For the girders over the piers, HNTB chose higher strength 70-ksi steel, which allowed for significant bending forces induced by the beams flexing over the piers instead of making the beams deeper. The stronger steel allowed the girders to be about 10 ft deep, eliminating the need for the longitudinal splicing required for deeper girders to accommodate shipping clearances.
Other steel components include connecting members, corrosion-resistant stainless-steel rebar in the bridge deck and most of the abutments, traditional rebar throughout the remaining piers and abutments, and a rare decision by MaineDOT to add steel casings around the pier columns to aid with formwork and long-term ice damage protection.
Three-Year Construction Phase
Reed & Reed crews worked on the Maine abutment through the harsh northern Maine winter in 2021–22 and wrapped up the three hammerhead piers in the summer of 2022. Canadian subcontractor Greenfield Construction finished two piers and the New Brunswick abutment simultaneously.

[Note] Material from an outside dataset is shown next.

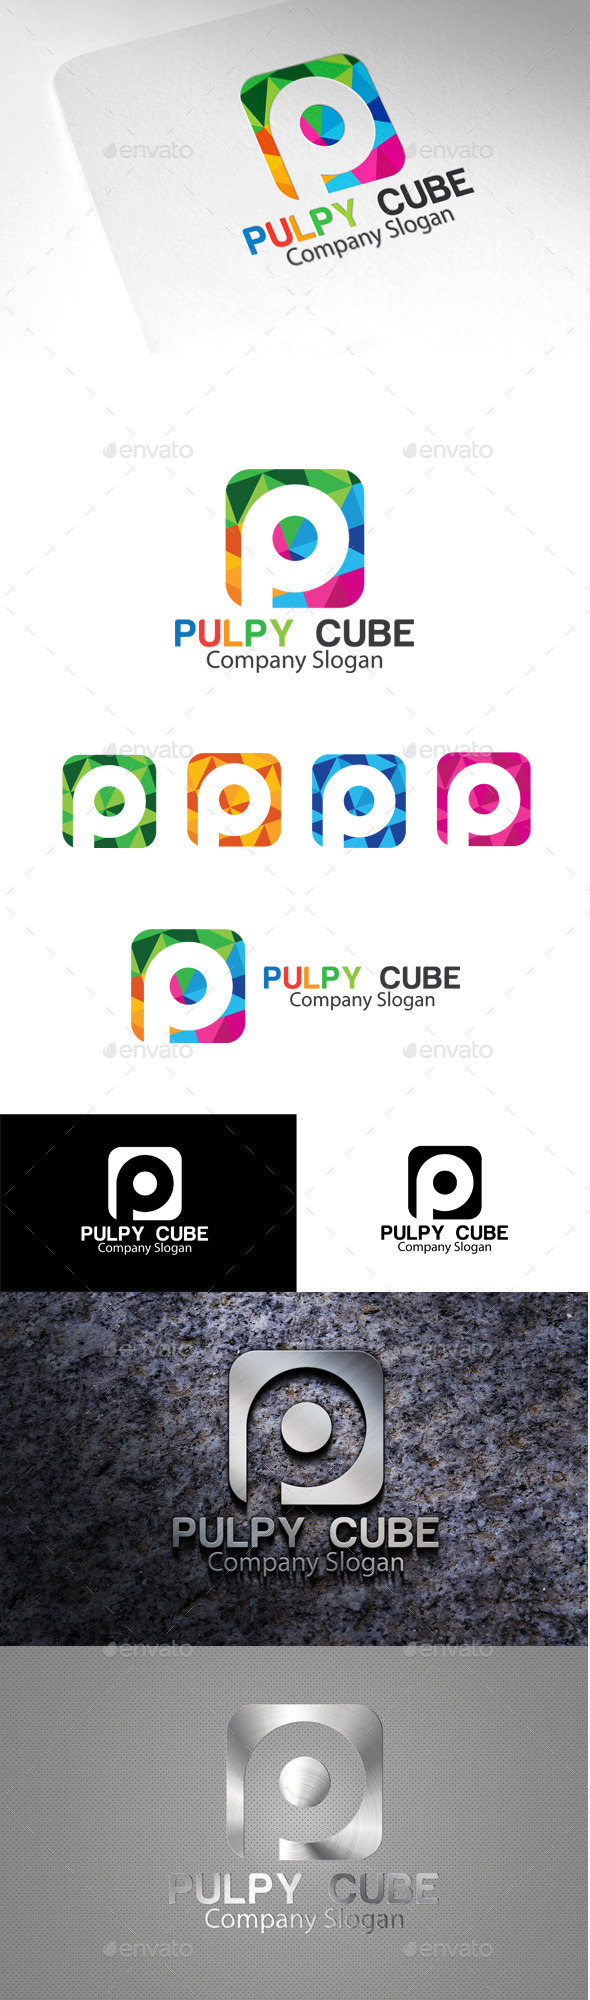 GraphicRiver Pulpy Cube P Letter Logo 10510798

Crews erected the structural steel girders in late August 2022 and finished that work in March 2023. To facilitate the accelerated schedule, Reed & Reed erected its first girders in pairs, a carefully planned and choreographed process. The paired girders weighed more than 185 tons, but skilled operators and ironworkers made the two-crane lifts look easy.
Upon completion of the steel erection, crews built the forms for the concrete deck. After the deck work was completed, work began on the sidewalk, railings, lighting, and paving. MaineDOT opened the new $97.5 million six-span steel girder bridge to all vehicles in June 2024. The new bridge features wider 12-ft travel lanes, 6-ft-wide shoulders on each side, and a 6-ftwide raised sidewalk on the downstream side to facilitate the safe movement of pedestrians and cyclists. At the request of the public, aesthetic elements include ornamental railing, long-lasting LED lighting, and three flag poles to represent each country and the First Nations insignia, representing the local indigenous community that first inhabited the region.